Acta Poloniae Pharmaceutica - Drug Research, cilt.81, sa.1, ss.135-143, 2024 (SCI-Expanded) identifier identifier

  • Yayın Türü: Makale / Tam Makale
  • Cilt numarası: 81 Sayı: 1
  • Basım Tarihi: 2024
  • Doi Numarası: 10.32383/appdr/179230
  • Dergi Adı: Acta Poloniae Pharmaceutica - Drug Research
  • Derginin Tarandığı İndeksler: Science Citation Index Expanded (SCI-EXPANDED), Scopus, Central & Eastern European Academic Source (CEEAS), Chimica, EMBASE, International Pharmaceutical Abstracts
  • Sayfa Sayıları: ss.135-143
  • Anahtar Kelimeler: amlodipin, analgesic activity, benidipin, lacidipin, toxicity, tramadol
  • Erzincan Binali Yıldırım Üniversitesi Adresli: Evet

Özet

The aim of the study was to investigate the effects of lacidipine, amlodipine, and benidipine on the analgesic activity and toxicity of tramadol. Rats (n = 6/each group) were divided into five groups as control (CG), tramadol (TRD), lacidipine+tramadol (LTRD), amlodipine+tramadol (ATRD), and benidipine+tramadol (BTRD). Tramadol was administered once at a dose of 50 mg/kg and lacidipine, amlodipin, benidipin were administered at a dose of 4 mg/kg orally, once a day for 10 days. After the animals were sacrificed, malondialdehyde (MDA) and total glutathione (tGSH) levels were measured in brain, heart, liver, and kidney tissues. Troponin I (Tp I), alanine aminotransferase (ALT), aspartate aminotransferase (AST), blood urea nitrogen (BUN), and creatinine levels were determined in serum. Paw pain thresholds were measured one hour before and after drug administration. The analgesic effect of tramadol was increased the most by benidipine, while amlodipine and lacidipine increased it equally. Lacidipine failed to suppress MDA increase and tGSH decrease in brain tissue. Benidipine suppressed MDA increase and tGSH decrease in brain tissue better than amlodipine. All three drugs suppressed cardiac tissue oxidative stress and the release of TP I into the circulation.
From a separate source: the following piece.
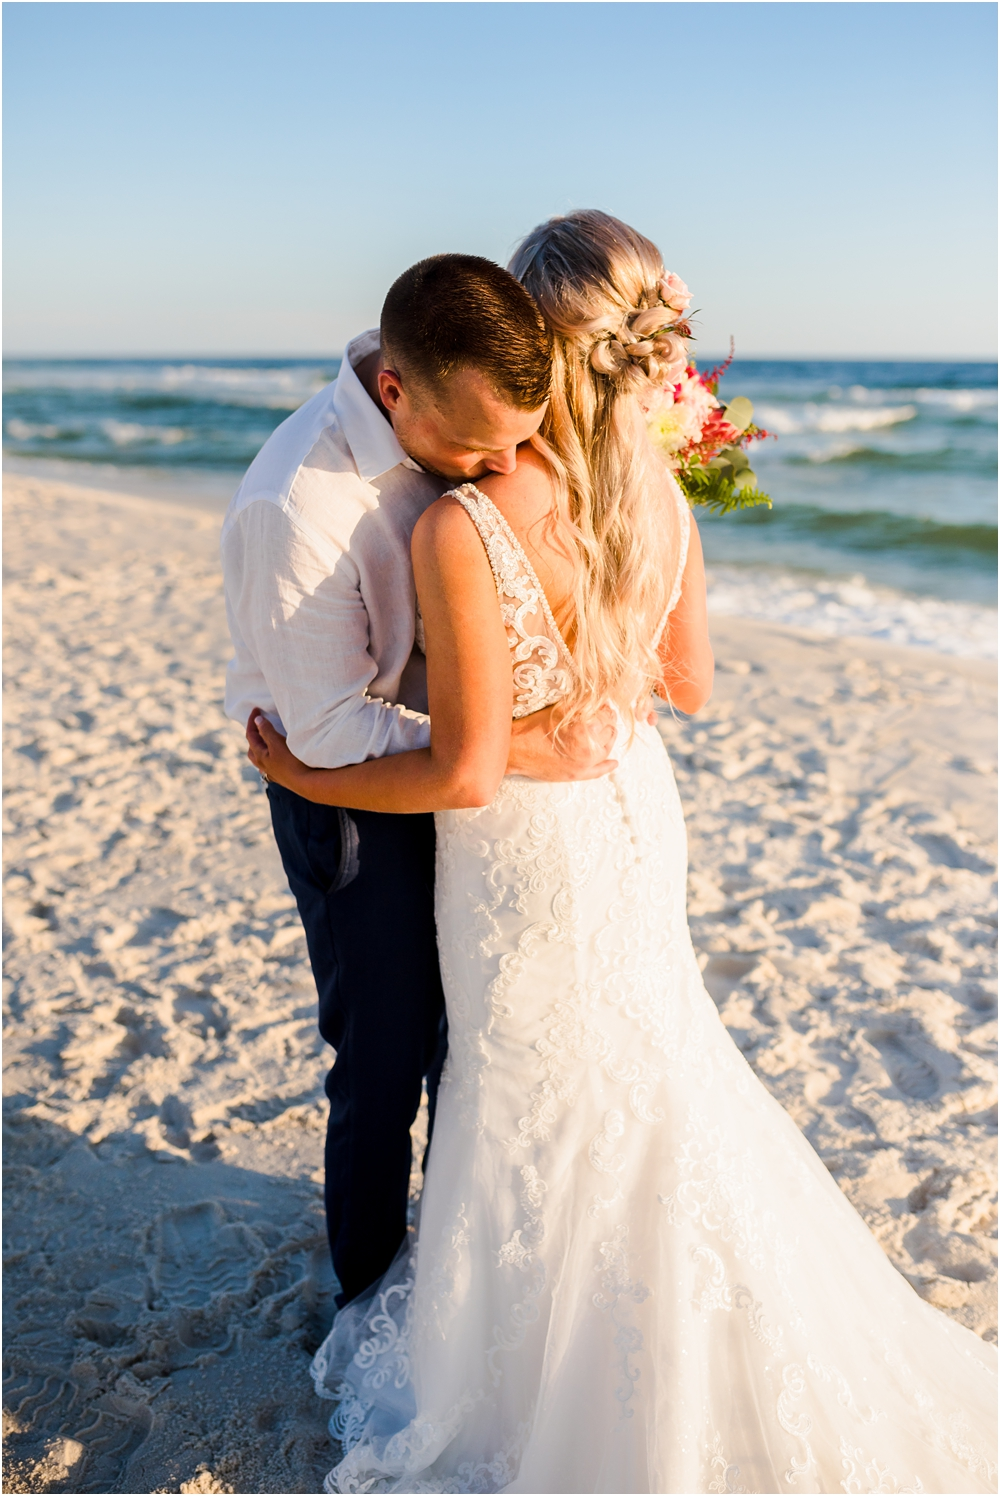 mcglothlin-wedding-kiersten-stevenson-photography-30a-panama-city-beach-dothan-tallahassee-(97-of-145).jpg

Lacidipine and amlodipine could not prevent tramadol-induced oxidative stress in liver and kidney tissues, whereas benidipine prevented excessive MDA increase and tGSH decrease. Benidipine significantly suppressed the increase of ALT, AST, BUN, and creatinine. Analgesic activity was 35.1% in TRD, 43.7% in LTRD, 50.4% in ATRD, and 67.5% in BTRD. Study results show that benidipine and tramadol co-treatment is better than co-treatment with lacidipine or amlodipine in achieving minimal toxic effects and maximum analgesia.